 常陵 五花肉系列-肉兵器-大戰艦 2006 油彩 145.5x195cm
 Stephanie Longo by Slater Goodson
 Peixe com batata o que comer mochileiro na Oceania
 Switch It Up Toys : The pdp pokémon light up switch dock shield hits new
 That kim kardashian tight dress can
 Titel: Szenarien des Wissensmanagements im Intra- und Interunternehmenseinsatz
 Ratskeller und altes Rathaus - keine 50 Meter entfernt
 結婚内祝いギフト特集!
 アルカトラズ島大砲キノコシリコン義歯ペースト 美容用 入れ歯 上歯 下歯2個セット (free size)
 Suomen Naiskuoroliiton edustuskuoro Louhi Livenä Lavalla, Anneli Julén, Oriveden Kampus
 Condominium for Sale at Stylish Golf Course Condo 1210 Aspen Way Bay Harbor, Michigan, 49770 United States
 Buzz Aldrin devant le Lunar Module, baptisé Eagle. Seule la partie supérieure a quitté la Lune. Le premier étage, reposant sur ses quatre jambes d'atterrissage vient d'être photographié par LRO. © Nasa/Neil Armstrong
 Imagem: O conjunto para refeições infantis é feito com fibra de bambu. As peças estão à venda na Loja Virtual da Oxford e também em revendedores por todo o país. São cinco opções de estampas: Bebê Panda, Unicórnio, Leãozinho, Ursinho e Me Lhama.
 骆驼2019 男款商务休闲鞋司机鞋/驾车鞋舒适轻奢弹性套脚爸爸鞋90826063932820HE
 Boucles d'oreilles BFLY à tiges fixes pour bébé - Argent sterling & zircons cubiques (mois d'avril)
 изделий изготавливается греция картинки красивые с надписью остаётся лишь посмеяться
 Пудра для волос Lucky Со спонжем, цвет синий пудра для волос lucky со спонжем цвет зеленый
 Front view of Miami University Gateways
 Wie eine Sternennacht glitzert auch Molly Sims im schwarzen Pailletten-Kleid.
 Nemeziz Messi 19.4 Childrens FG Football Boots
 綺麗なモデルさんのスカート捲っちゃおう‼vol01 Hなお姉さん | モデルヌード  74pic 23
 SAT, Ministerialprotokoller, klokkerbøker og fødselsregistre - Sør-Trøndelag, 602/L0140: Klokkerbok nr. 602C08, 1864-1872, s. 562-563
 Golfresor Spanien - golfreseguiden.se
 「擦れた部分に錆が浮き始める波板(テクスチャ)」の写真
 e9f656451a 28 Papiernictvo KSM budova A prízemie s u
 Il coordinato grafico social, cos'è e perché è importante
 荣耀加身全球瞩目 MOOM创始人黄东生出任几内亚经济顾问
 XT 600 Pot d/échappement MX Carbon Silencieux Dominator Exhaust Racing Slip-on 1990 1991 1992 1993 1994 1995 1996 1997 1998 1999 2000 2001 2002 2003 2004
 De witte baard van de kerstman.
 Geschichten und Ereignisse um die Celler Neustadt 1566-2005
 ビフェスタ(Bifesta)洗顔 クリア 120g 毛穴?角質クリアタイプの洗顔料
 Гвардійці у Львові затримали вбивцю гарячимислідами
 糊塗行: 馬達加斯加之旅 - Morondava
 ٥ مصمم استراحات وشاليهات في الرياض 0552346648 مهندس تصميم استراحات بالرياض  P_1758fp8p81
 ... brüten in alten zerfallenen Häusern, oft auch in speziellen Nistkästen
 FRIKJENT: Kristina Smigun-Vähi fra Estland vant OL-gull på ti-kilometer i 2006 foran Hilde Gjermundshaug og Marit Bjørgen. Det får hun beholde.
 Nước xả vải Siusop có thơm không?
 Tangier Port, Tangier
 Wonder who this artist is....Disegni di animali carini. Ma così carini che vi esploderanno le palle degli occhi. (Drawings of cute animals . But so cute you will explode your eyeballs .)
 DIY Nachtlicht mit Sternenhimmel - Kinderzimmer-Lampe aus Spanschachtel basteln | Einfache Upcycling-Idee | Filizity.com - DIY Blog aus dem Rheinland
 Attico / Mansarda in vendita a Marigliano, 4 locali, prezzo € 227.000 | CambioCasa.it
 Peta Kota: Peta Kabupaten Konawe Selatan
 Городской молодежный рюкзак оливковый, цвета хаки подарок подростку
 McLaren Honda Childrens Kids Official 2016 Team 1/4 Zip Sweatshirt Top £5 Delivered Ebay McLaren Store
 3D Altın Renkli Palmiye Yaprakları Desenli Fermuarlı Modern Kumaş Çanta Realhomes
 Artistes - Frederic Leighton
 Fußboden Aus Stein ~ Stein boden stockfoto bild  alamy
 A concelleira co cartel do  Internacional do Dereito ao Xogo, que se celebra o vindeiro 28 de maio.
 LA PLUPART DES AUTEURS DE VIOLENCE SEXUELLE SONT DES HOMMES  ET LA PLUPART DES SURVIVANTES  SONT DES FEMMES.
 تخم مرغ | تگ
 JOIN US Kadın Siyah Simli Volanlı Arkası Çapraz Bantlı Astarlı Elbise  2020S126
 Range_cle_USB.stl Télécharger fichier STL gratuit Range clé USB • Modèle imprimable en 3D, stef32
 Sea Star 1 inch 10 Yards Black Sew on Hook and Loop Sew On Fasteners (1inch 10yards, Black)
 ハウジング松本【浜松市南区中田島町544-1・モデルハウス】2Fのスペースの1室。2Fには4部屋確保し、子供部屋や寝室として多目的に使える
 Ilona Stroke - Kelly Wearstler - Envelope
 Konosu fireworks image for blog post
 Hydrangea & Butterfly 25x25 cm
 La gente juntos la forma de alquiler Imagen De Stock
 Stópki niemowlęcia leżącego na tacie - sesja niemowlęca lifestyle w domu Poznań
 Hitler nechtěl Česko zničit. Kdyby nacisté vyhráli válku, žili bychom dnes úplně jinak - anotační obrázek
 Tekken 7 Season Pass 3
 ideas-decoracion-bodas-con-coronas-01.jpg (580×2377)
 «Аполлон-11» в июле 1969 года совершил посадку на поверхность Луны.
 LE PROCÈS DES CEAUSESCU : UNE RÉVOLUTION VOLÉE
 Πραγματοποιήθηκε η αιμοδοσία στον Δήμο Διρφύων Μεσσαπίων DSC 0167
···
__What is being asked__
Taking the listing above as the source, transcribe only the lines starting at the line with "SAT, Ministerialprotokoller, klokkerbøker" and going through the line with "Geschichten und Ereignisse", unaltered and with both ends included.

__Answer to the problem__
 SAT, Ministerialprotokoller, klokkerbøker og fødselsregistre - Sør-Trøndelag, 602/L0140: Klokkerbok nr. 602C08, 1864-1872, s. 562-563
 Golfresor Spanien - golfreseguiden.se
 「擦れた部分に錆が浮き始める波板(テクスチャ)」の写真
 e9f656451a 28 Papiernictvo KSM budova A prízemie s u
 Il coordinato grafico social, cos'è e perché è importante
 荣耀加身全球瞩目 MOOM创始人黄东生出任几内亚经济顾问
 XT 600 Pot d/échappement MX Carbon Silencieux Dominator Exhaust Racing Slip-on 1990 1991 1992 1993 1994 1995 1996 1997 1998 1999 2000 2001 2002 2003 2004
 De witte baard van de kerstman.
 Geschichten und Ereignisse um die Celler Neustadt 1566-2005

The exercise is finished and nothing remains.